The loan amount can be up to 90 percent of the FD value including accumulated interest rate. Other leading banks such as HDFC Bank, ICICI Bank, Axis Bank and Bank of Baroda offer similar overdraft facility against FDs. Loan against FD is also offered by non-bank lenders such as Bajaj Finserv though it charges 200 basis points higher than its FD rates.

This makes loans against FDs at par with home loans in terms of costs but much cheaper than other categories of retail loans such as vehicle loans or personal loans. 

Another good thing about loans against FDs is that banks don’t charge any processing fee on this product and the disbursement process is much faster. In comparison, you may have to pay a minimum 1 percent of loan amount as processing fee in case home loans and it is even higher on vehicle loans.

Loan against FDs also don’t require a credit score unlike other retail loans such as home, auto or personal loans.

Also Read: How can you generate higher returns on savings after interest rate cuts?

Loan against FD is a good option for people with surplus cash planning to make big ticket purchases like a car or renovating their homes.
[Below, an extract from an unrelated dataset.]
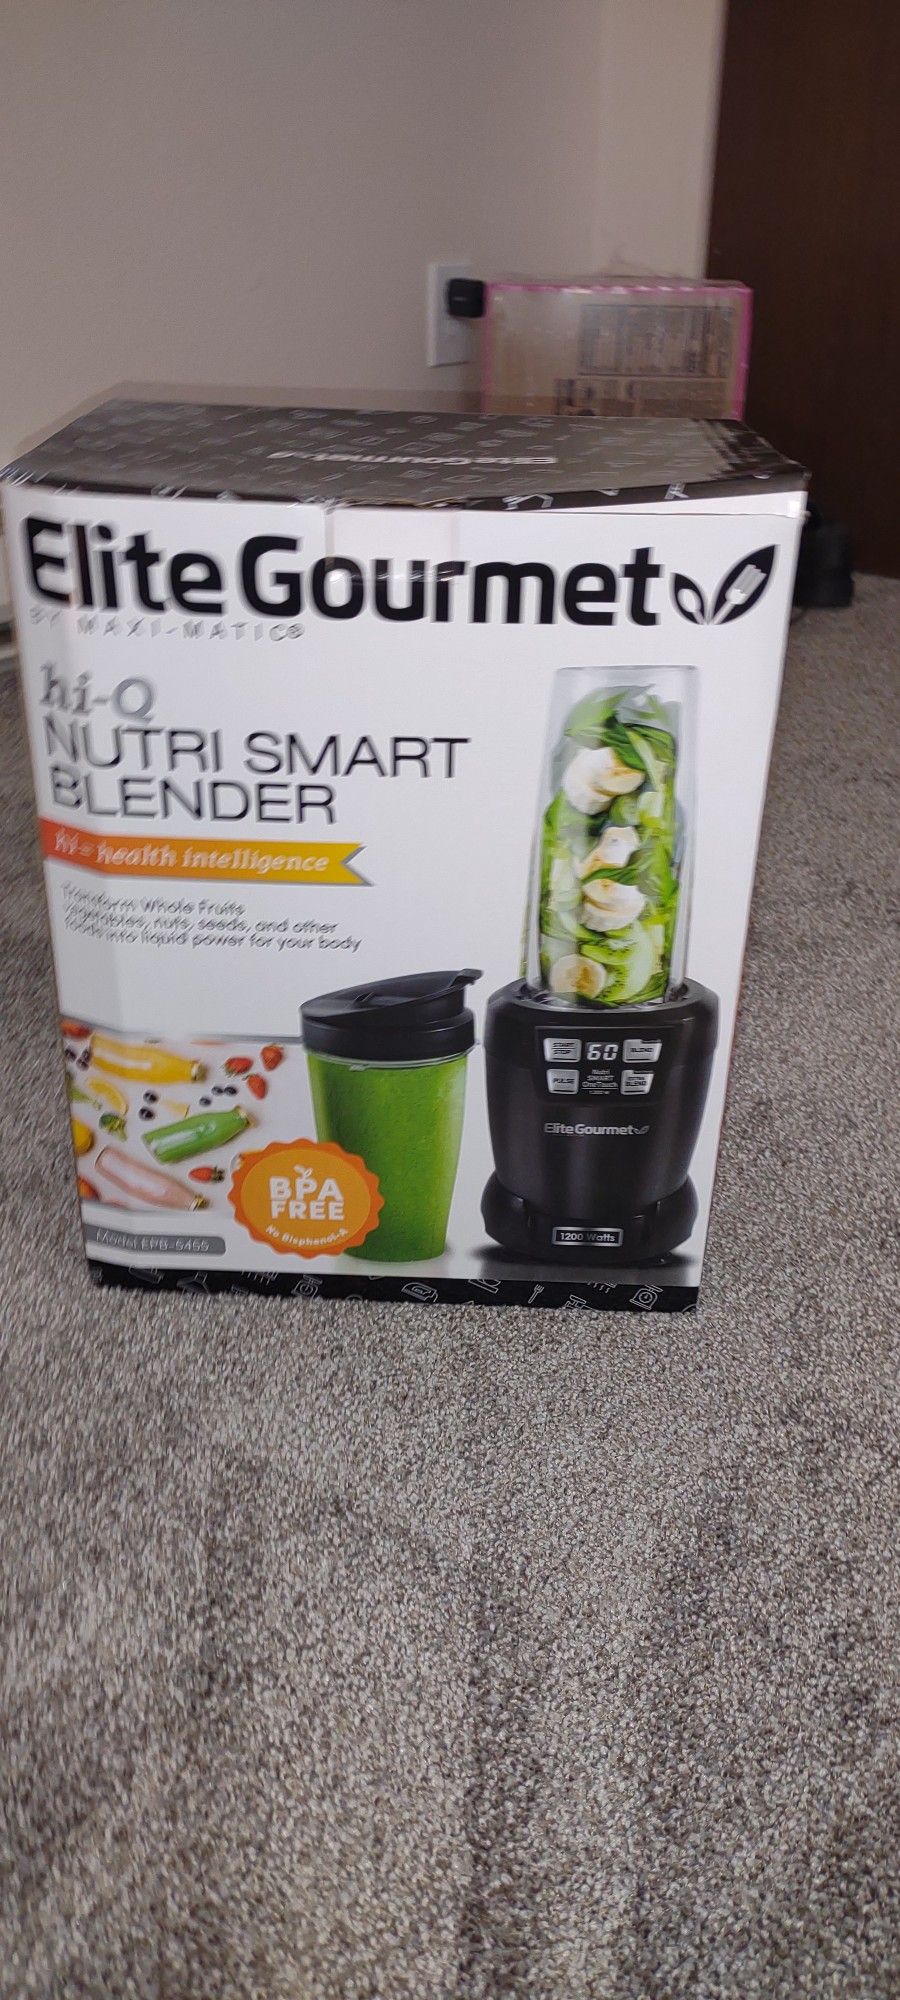 Hi -Q Nutri Smart Blender

It makes better sense to put your savings in an FD and take out a loan against it rather than take a car loan.

2.       Top-up loan against your existing home loans. This is the best time to take a top-up loan against your existing home loan and fund big-ticket purchases. The interest rate on top-up loans are linked to home loan rates and interest on home loans are currently at record lows. This makes top-up loans a great way to buy a new car or renovate your house or make down payment for a second home. For example, the interest rate on car loans starts at 8.7 percent while top-up loans from banks starts at 6.7 percent.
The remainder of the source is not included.